*Task description*
Lines from the one containing "Sitz der französischen" through the last line of the data are to be returned exactly, both ends included, minus any pictures.

*Data section*
------------

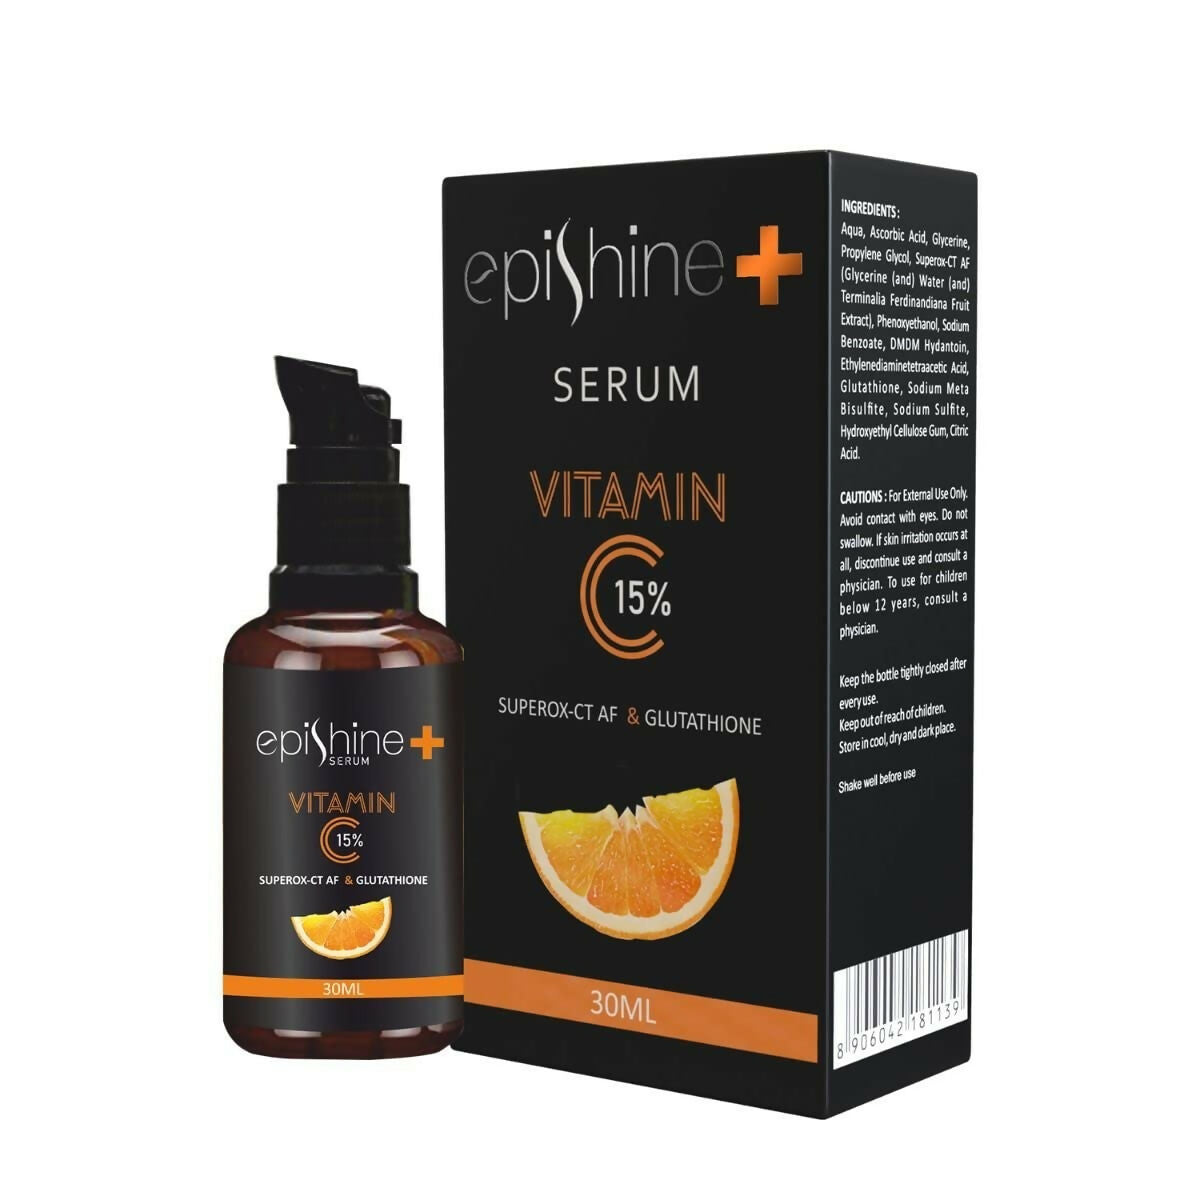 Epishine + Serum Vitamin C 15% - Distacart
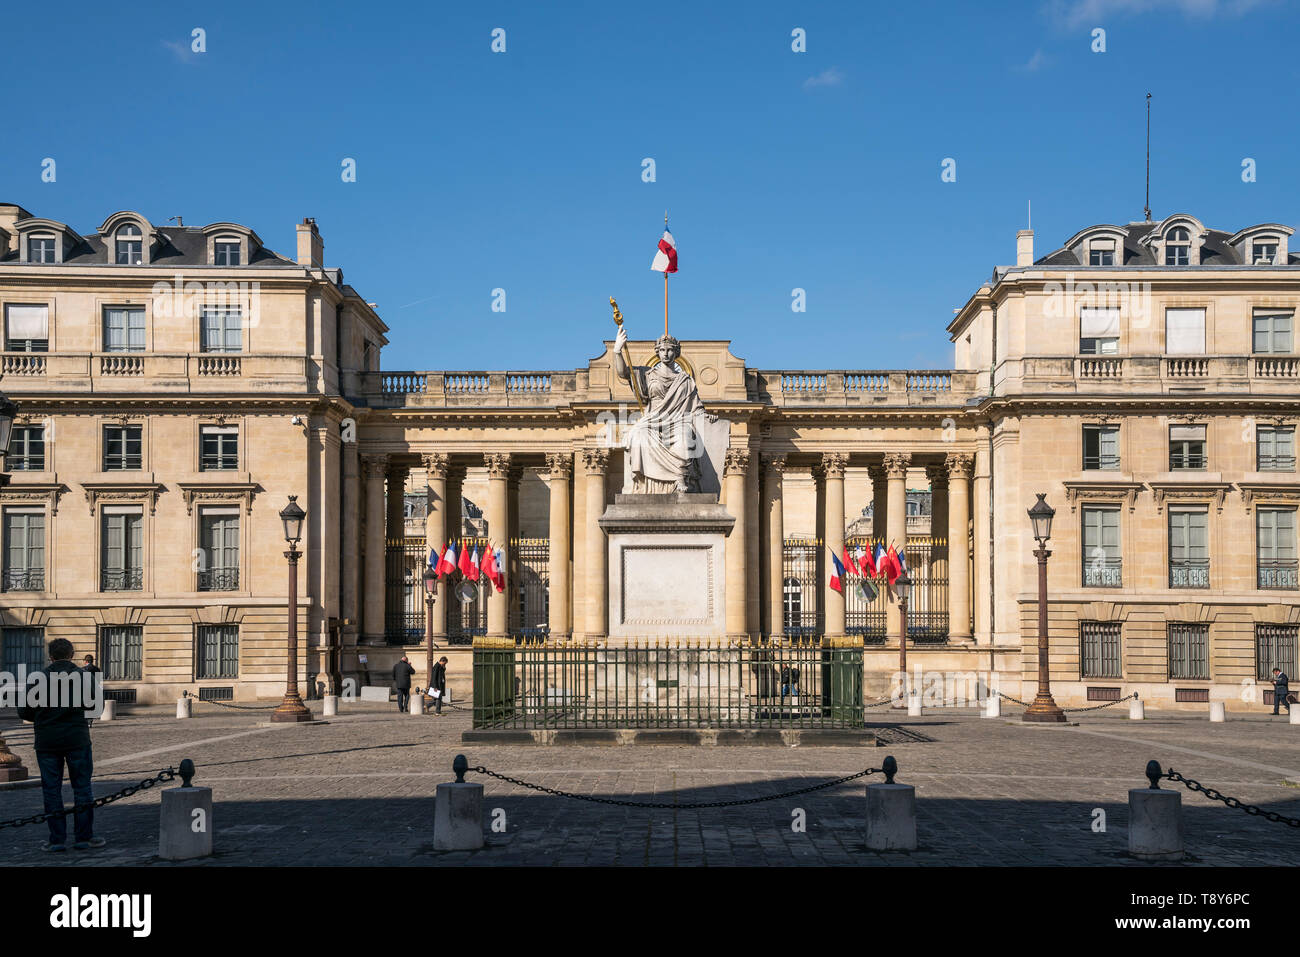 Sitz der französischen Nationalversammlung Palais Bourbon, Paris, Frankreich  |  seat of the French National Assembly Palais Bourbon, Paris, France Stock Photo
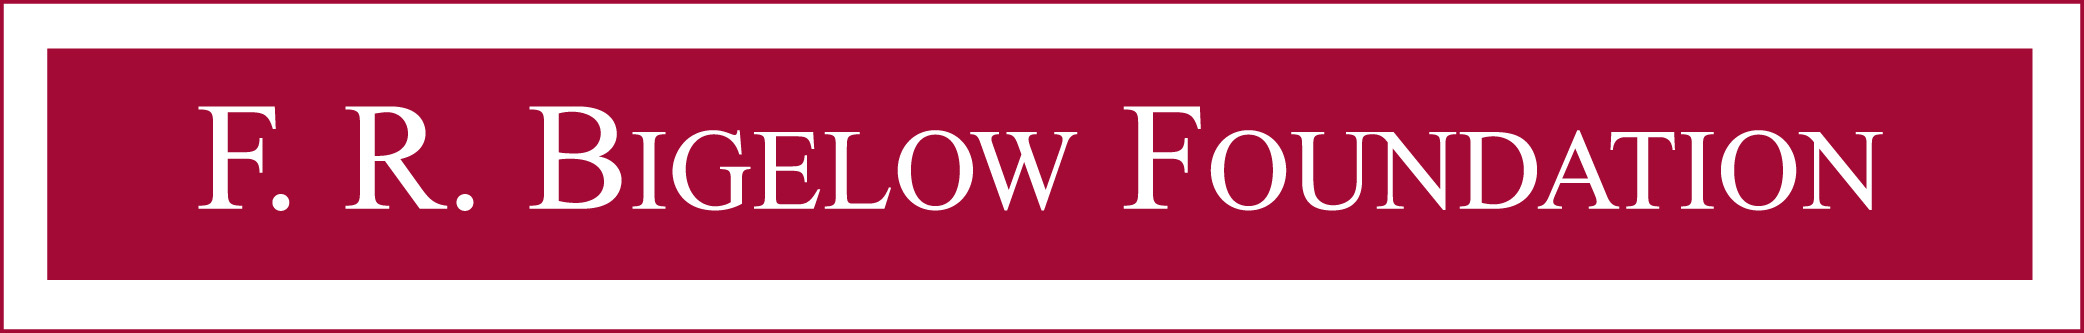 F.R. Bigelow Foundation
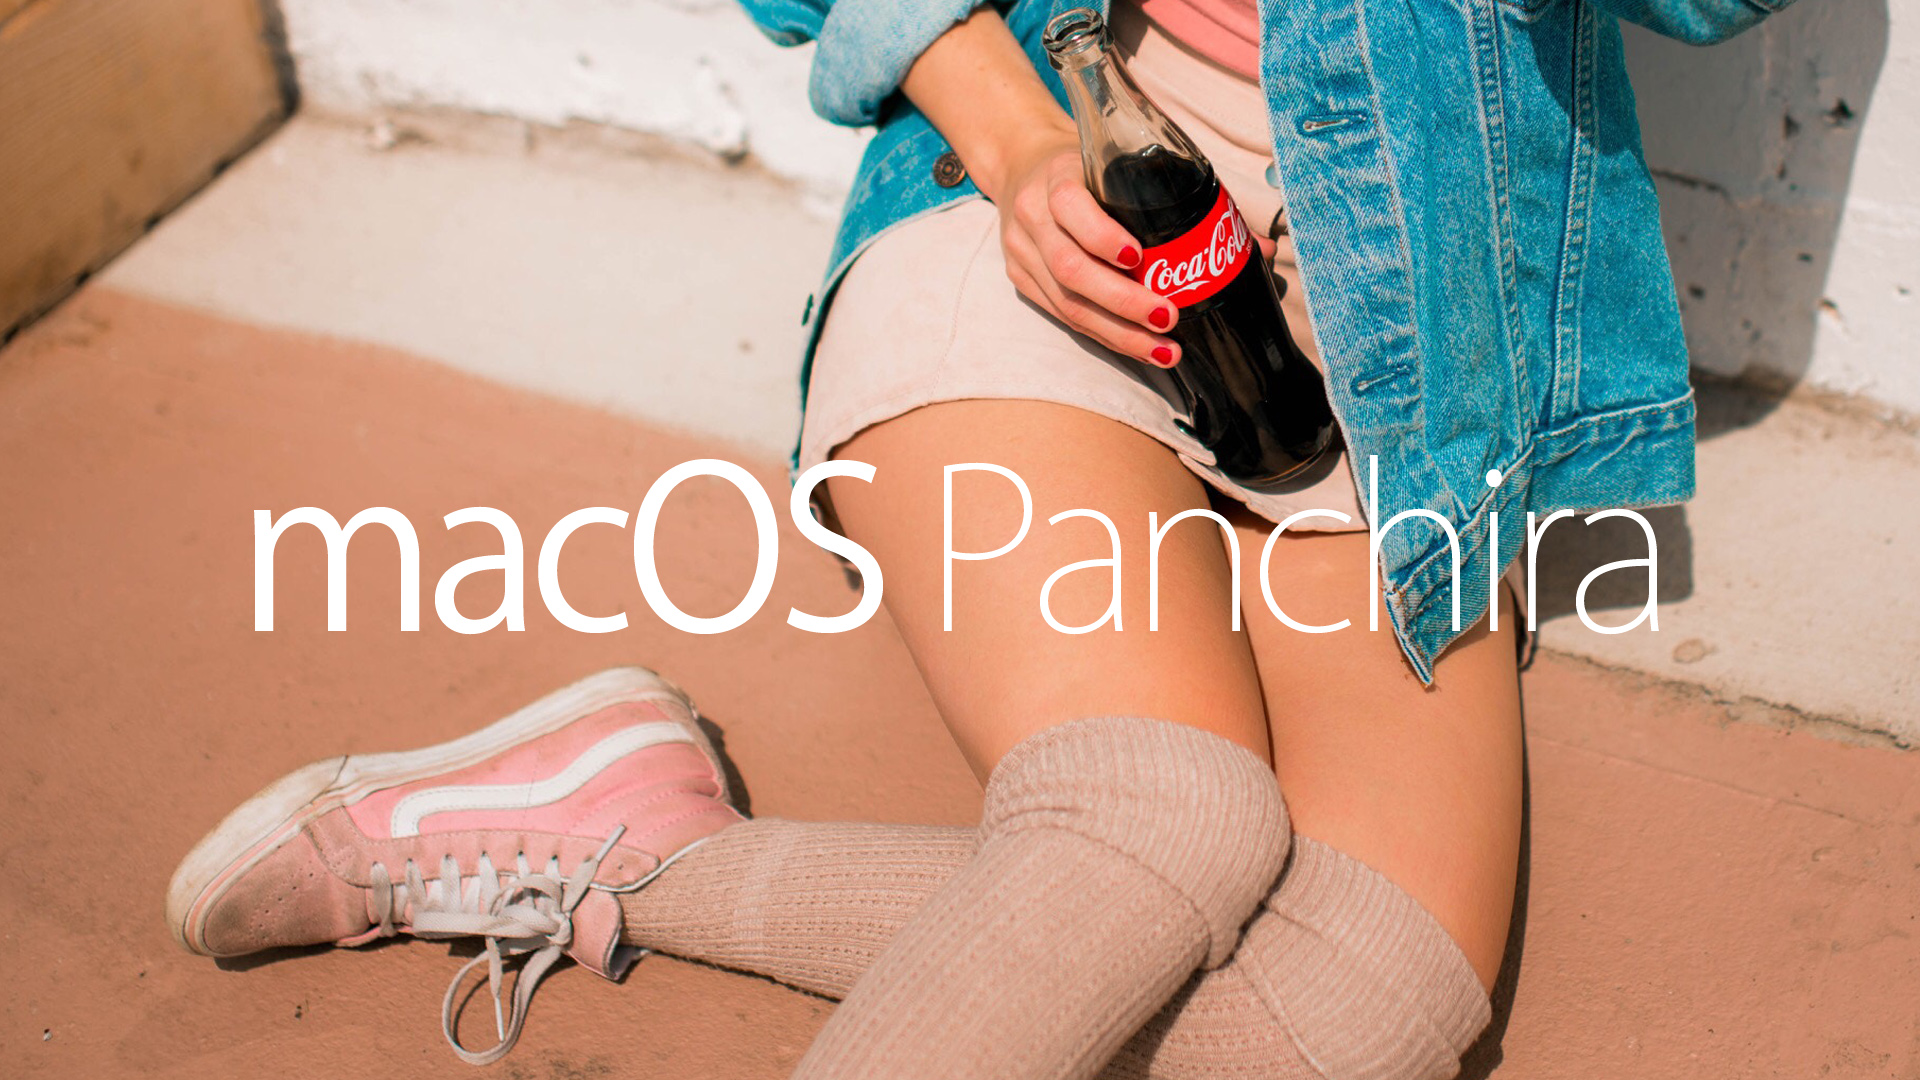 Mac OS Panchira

------------

*Answer for this exercise*
 Sitz der französischen Nationalversammlung Palais Bourbon, Paris, Frankreich  |  seat of the French National Assembly Palais Bourbon, Paris, France Stock Photo
 F.R. Bigelow Foundation
 Mac OS Panchira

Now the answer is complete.